== DATA EXTRACT

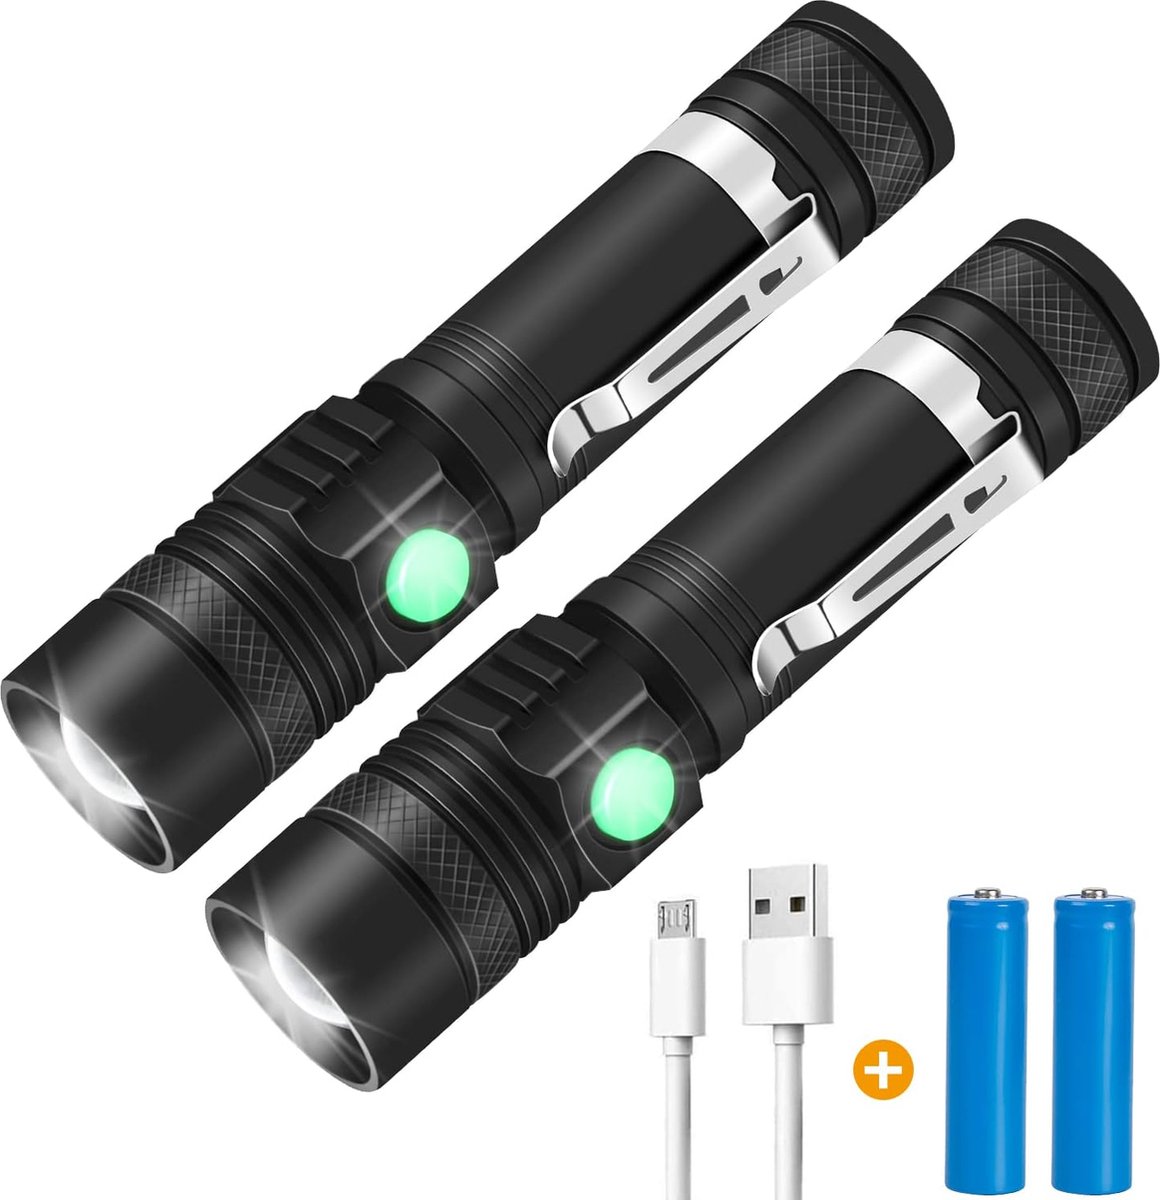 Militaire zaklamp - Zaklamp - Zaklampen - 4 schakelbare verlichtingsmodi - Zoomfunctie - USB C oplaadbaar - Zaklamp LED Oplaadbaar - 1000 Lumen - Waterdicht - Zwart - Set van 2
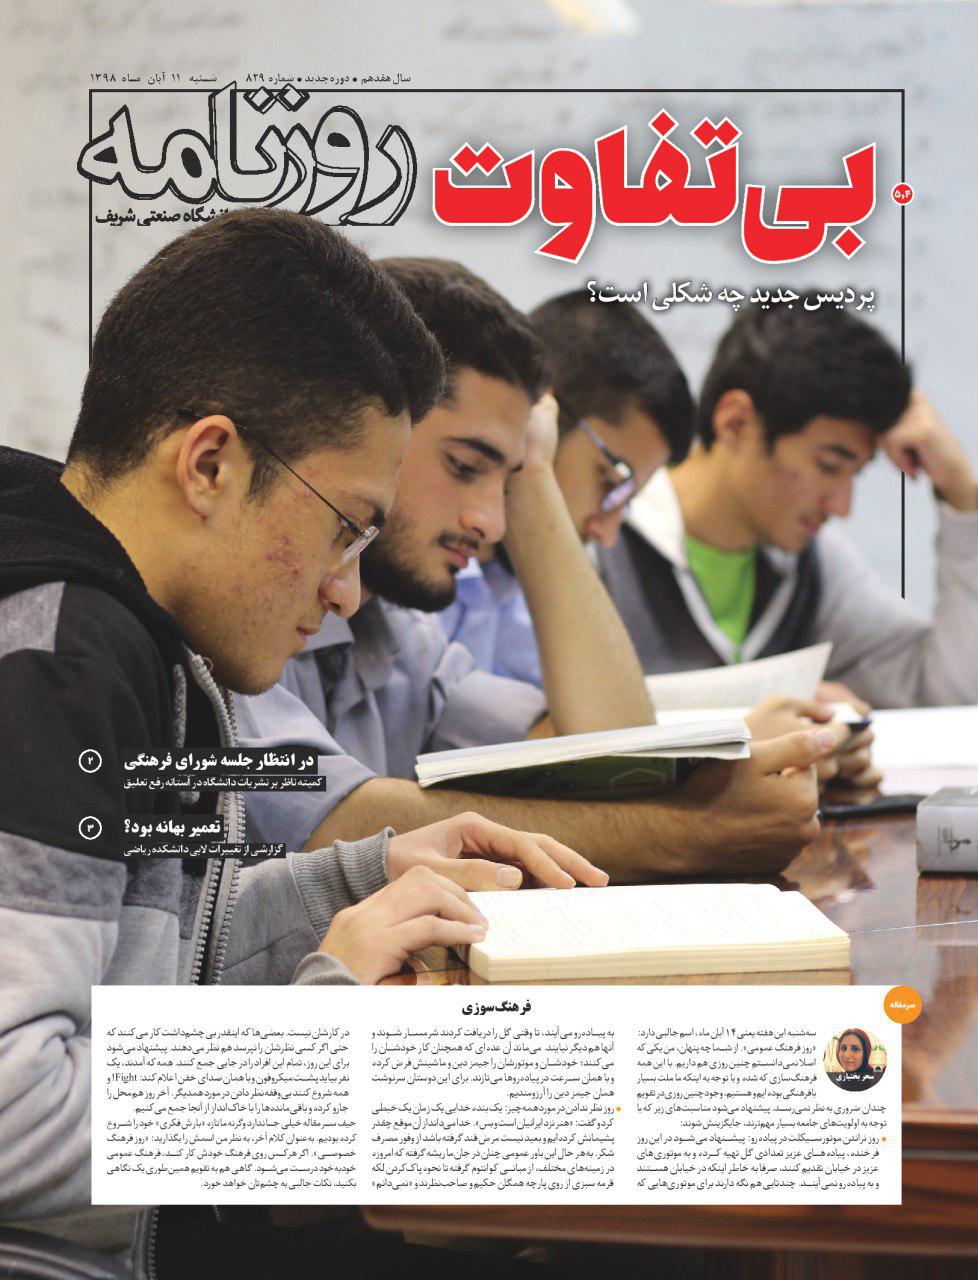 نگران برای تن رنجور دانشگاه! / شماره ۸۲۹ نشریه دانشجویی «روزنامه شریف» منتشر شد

====
== DATA EXTRACT

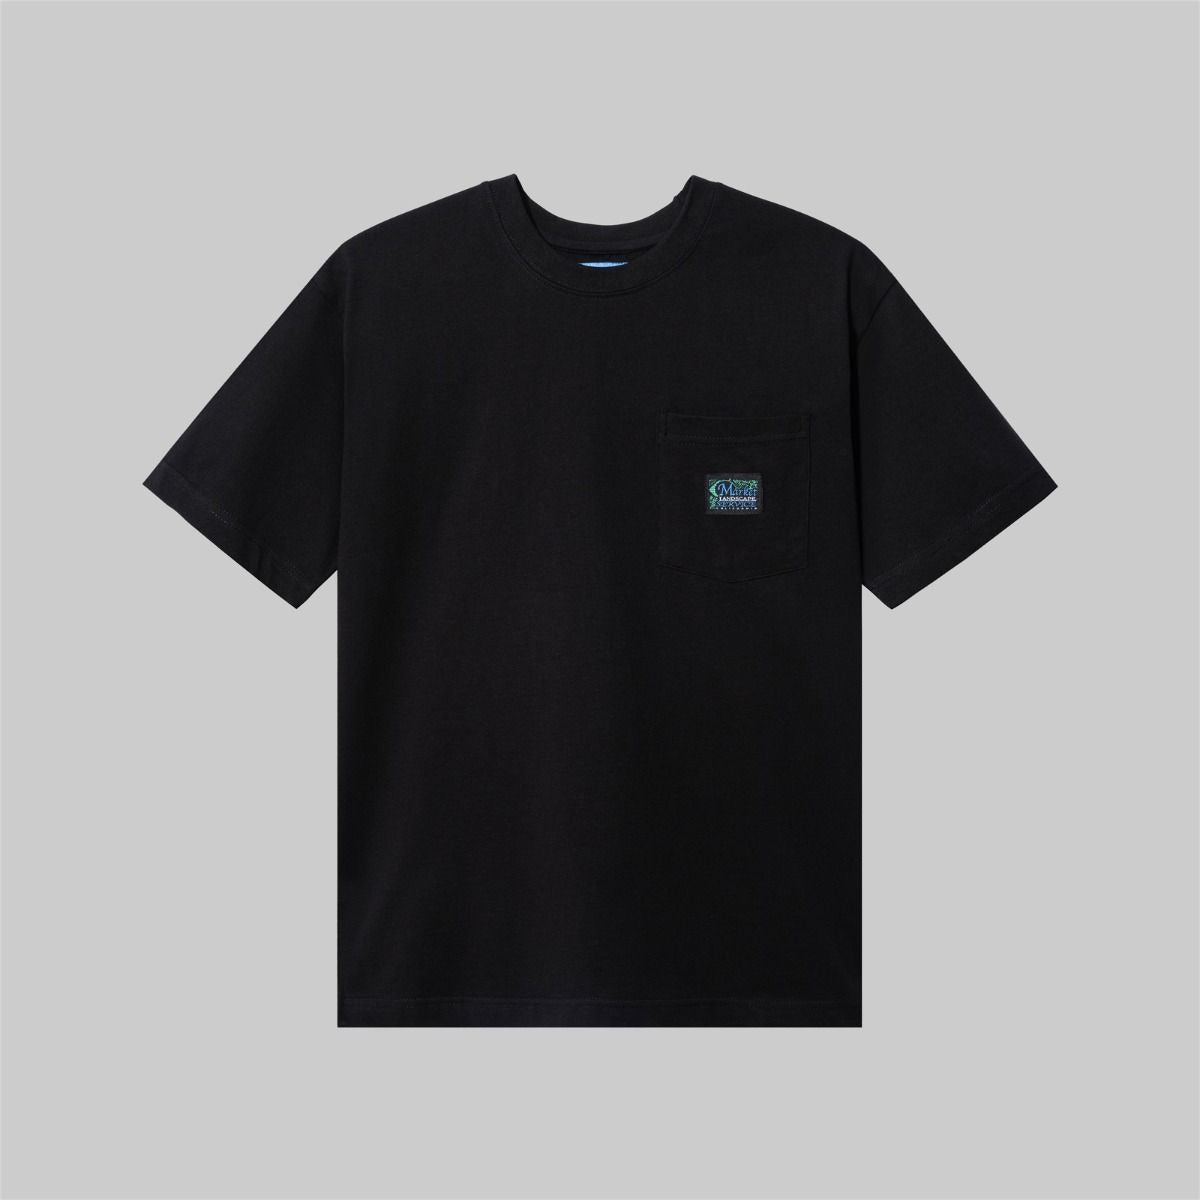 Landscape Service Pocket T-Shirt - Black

====

* **TASK DIRECTIONS**: Starting at the line that contains "Militaire zaklamp - Zaklamp" and ending at the line that contains "نگران برای تن", transcribe the material above exactly, excluding pictures.

* **OUTPUT OF THE EXERCISE**:
 Militaire zaklamp - Zaklamp - Zaklampen - 4 schakelbare verlichtingsmodi - Zoomfunctie - USB C oplaadbaar - Zaklamp LED Oplaadbaar - 1000 Lumen - Waterdicht - Zwart - Set van 2
 نگران برای تن رنجور دانشگاه! / شماره ۸۲۹ نشریه دانشجویی «روزنامه شریف» منتشر شد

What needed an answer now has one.